接下來我們進入了邏輯計劃生成實體計劃的過程，本文還是注重于結構的解析，而不去介紹生成的細節，MySQL過去在8.0.22之前，主要依賴的結構就是JOIN和QEP_TAB。JOIN是與之對應的每個Query_block，而QEP_TAB對應的每個Query_block涉及到的具體“表”的順序、方法和執行計劃。然而在8.0.22之後，新的基于Hypergraph的優化器算法成功的抛棄了QEP_TAB結構來表達左深樹的執行計劃，而直接使用HyperNode/HyperEdge的圖來表示執行計劃。

舉例可以看到資料結構表達的left deep tree和超圖結構表達的bushy tree對應的不同計劃展現：

| -> Inner hash join (no condition)  (cost=1.40 rows=1)
    -> Table scan on R4  (cost=0.35 rows=1)
    -> Hash
        -> Inner hash join (no condition)  (cost=1.05 rows=1)
            -> Table scan on R3  (cost=0.35 rows=1)
            -> Hash
                -> Inner hash join (no condition)  (cost=0.70 rows=1)
                    -> Table scan on R2  (cost=0.35 rows=1)
                    -> Hash
                        -> Table scan on R1  (cost=0.35 rows=1)

| -> Nested loop inner join  (cost=0.55..0.55 rows=0)
    -> Nested loop inner join  (cost=0.50..0.50 rows=0)
        -> Table scan on R4  (cost=0.25..0.25 rows=1)
        -> Filter: (R4.c1 = R3.c1)  (cost=0.35..0.35 rows=0)
            -> Table scan on R3  (cost=0.25..0.25 rows=1)
    -> Nested loop inner join  (cost=0.50..0.50 rows=0)
        -> Table scan on R2  (cost=0.25..0.25 rows=1)
        -> Filter: (R2.c1 = R1.c1)  (cost=0.35..0.35 rows=0)
            -> Table scan on R1  (cost=0.25..0.25 rows=1)           
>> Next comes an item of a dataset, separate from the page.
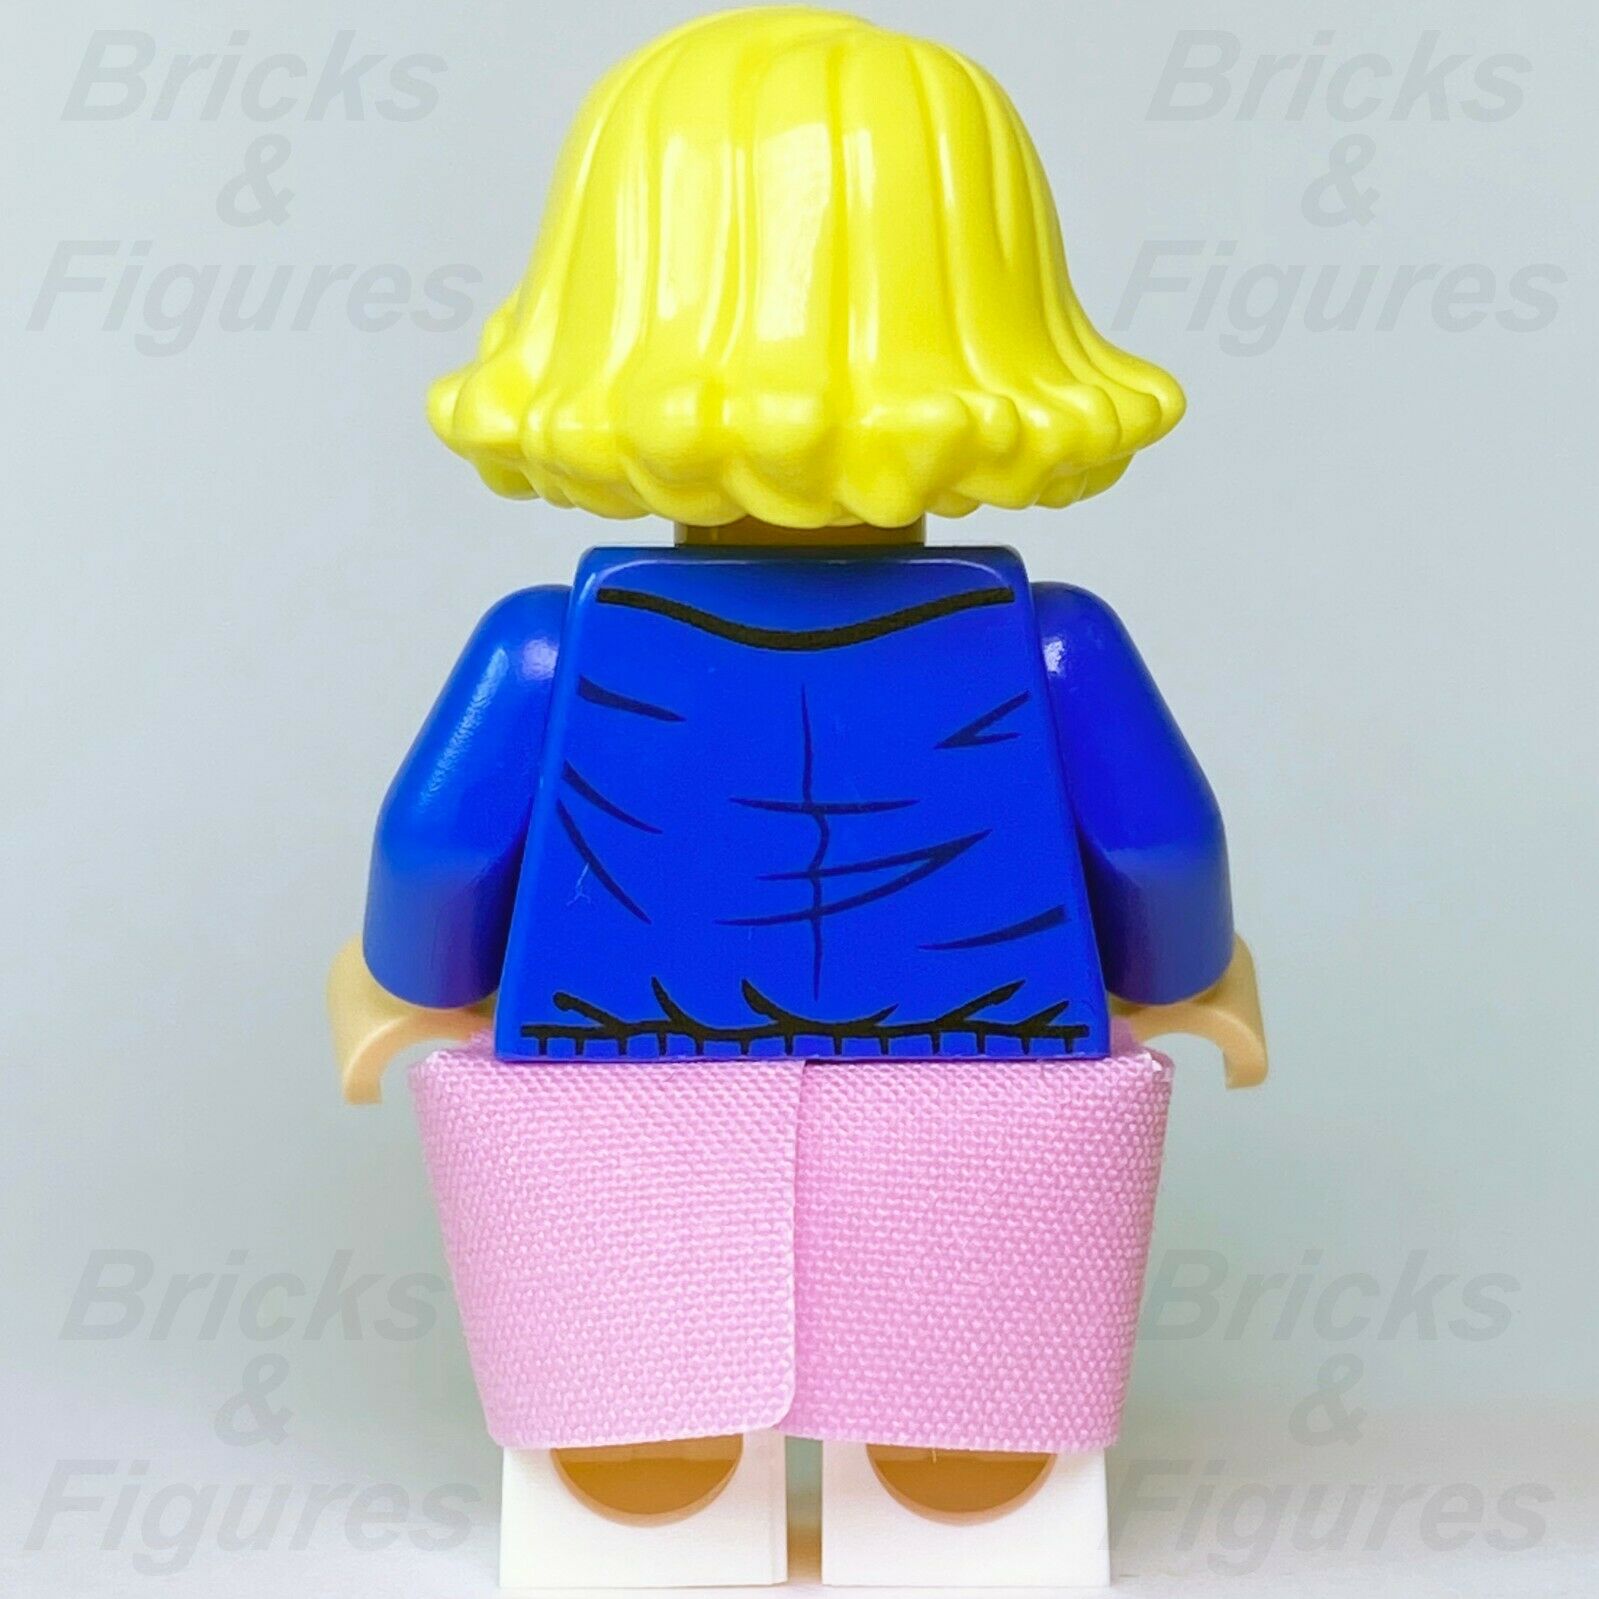 New Stranger Things LEGO Eleven Netflix TV Series Minifigure from set 75810 - Bricks & Figures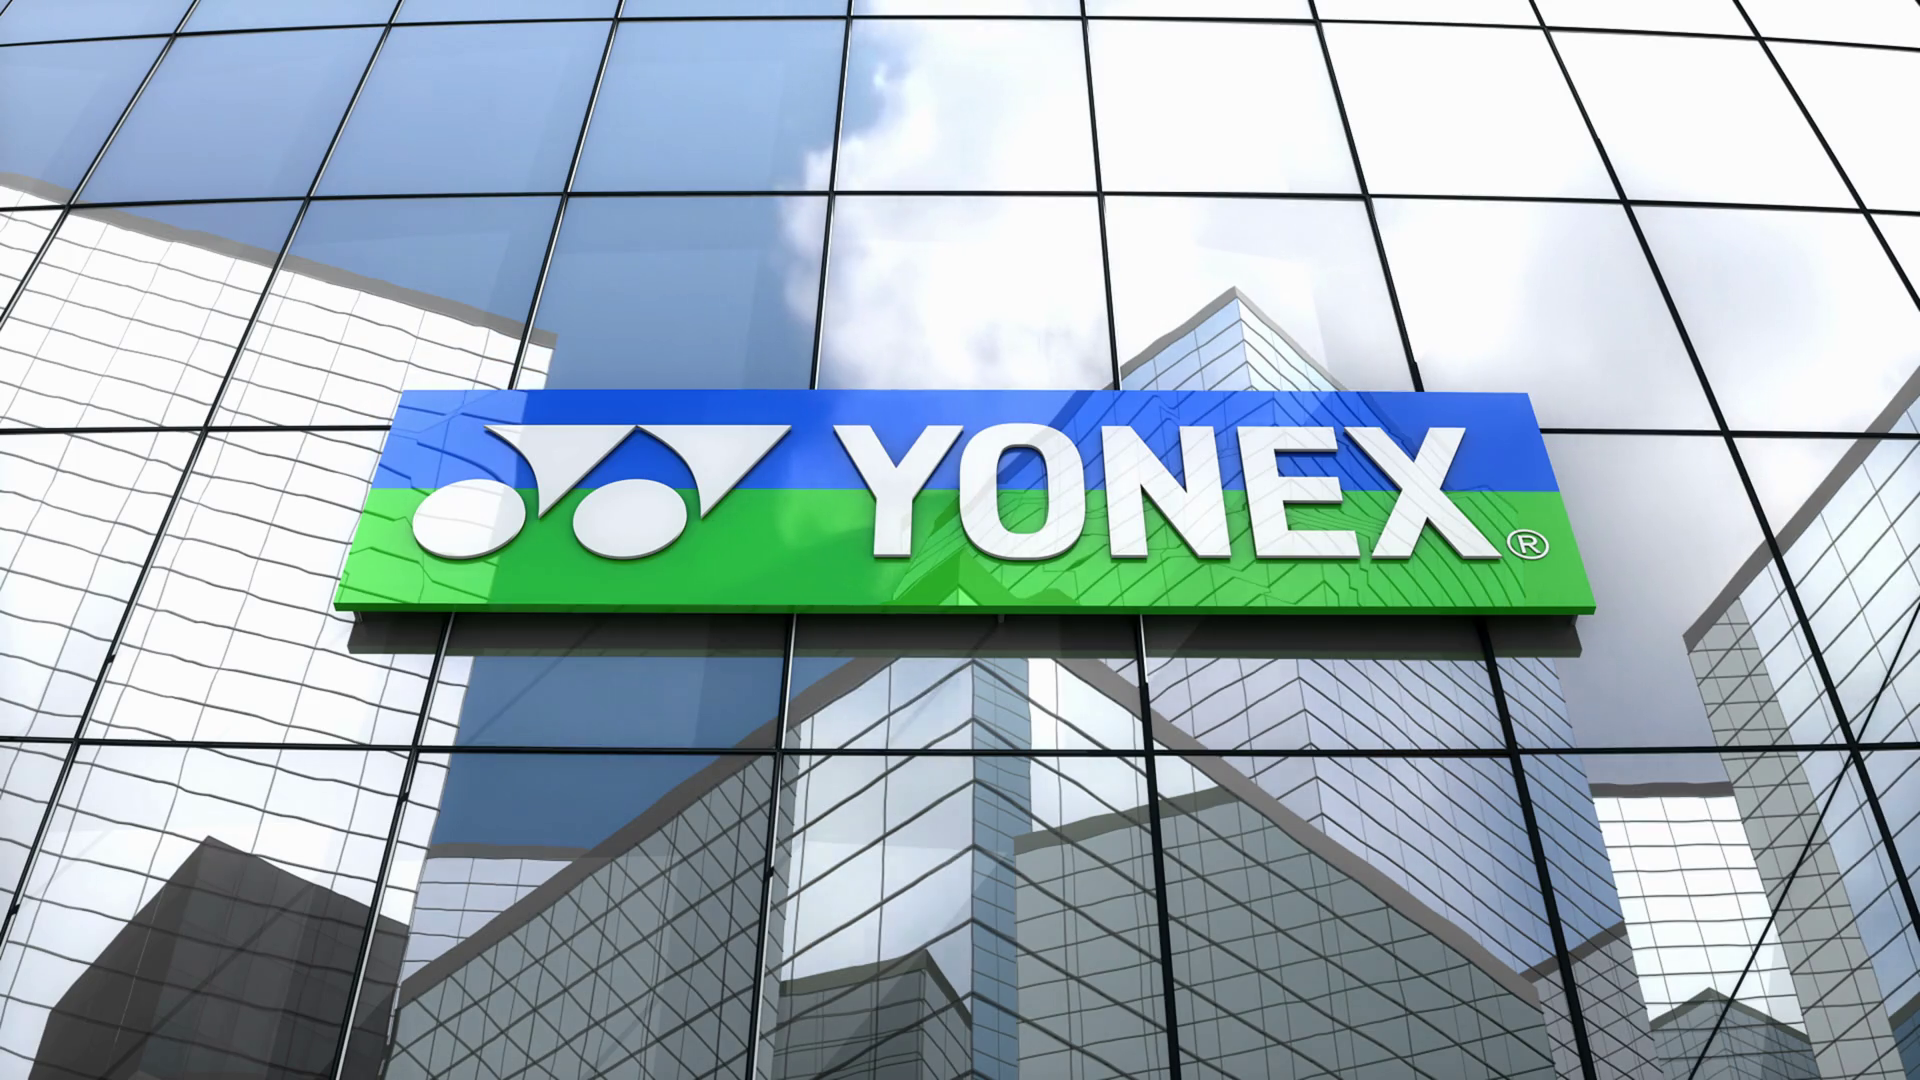 Editorial, Yonex Co., Ltd. Logo On Glass Building. Motion Background 00:10 SBV 322348318

MySQL8.0.2x為了更好的相容兩種優化器，引入了新的類AccessPath，可以認為這是MySQL為了解耦執行器和不同優化器抽象出來的Plan Tree。

1 老優化器的入口

老優化器仍然走JOIN::optimize來把query block轉換成query execution plan (QEP)。

這個階段仍然做一些邏輯的重寫工作，這個階段的轉換可以了解為基于cost-based優化前做準備，詳細步驟如下：

• Logical transformations
  • optimize_derived : Optimize the query expression representing a derived table/view.
  • optimize_cond : Equality/constant propagation.
  • prune_table_partitions : Partition pruning.
  • optimize_aggregated_query : COUNT(*), MIN(), MAX() constant substitution in case of implicit grouping.
  • substitute_gc : ORDER BY optimization, substitute all expressions in the WHERE condition and ORDER/GROUP lists that match generated columns (GC) expressions with GC fields, if any.
• Perform cost-based optimization of table order and access path selection.
  • JOIN::make_join_plan() : Set up join order and initial access paths.
• Post-join order optimization
  • substitute_for_best_equal_field : Create optimal table conditions from the where clause and the join conditions.
  • make_join_query_block : Inject outer-join guarding conditions.
  • Adjust data access methods after determining table condition (several times).
  • optimize_distinct_group_order : Optimize ORDER BY/DISTINCT.
  • optimize_fts_query : Perform FULLTEXT search before all regular searches.
  • remove_eq_conds : Removes const and eq items. Returns the new item, or nullptr if no condition.
  • replace_index_subquery/create_access_paths_for_index_subquery : See if this subquery can be evaluated with subselect_indexsubquery_engine.
  • setup_join_buffering : Check whether join cache could be used.
• Code generation
  • alloc_qep(tables) : Create QEP_TAB array.
  • test_skip_sort : Try to optimize away sorting/distinct.
  • make_join_readinfo : Plan refinement stage: do various setup things for the executor.
  • make_tmp_tables_info : Setup temporary table usage for grouping and/or sorting.
  • push_to_engines : Push (parts of) the query execution down to the storage engines if they can provide faster execution of the query, or part of it.
  • create_access_paths : generated ACCESS_PATH.

2 新優化器的入口

新優化器預設不打開，必須通過set optimizer_switch="hypergraph_optimizer=on"; 來打開。主要通過FindBestQueryPlan函數來實作，邏輯如下：

• 先判斷是否屬于新優化器可以支援的Query文法（CheckSupportedQuery），不支援的直接傳回錯誤ER_HYPERGRAPH_NOT_SUPPORTED_YET。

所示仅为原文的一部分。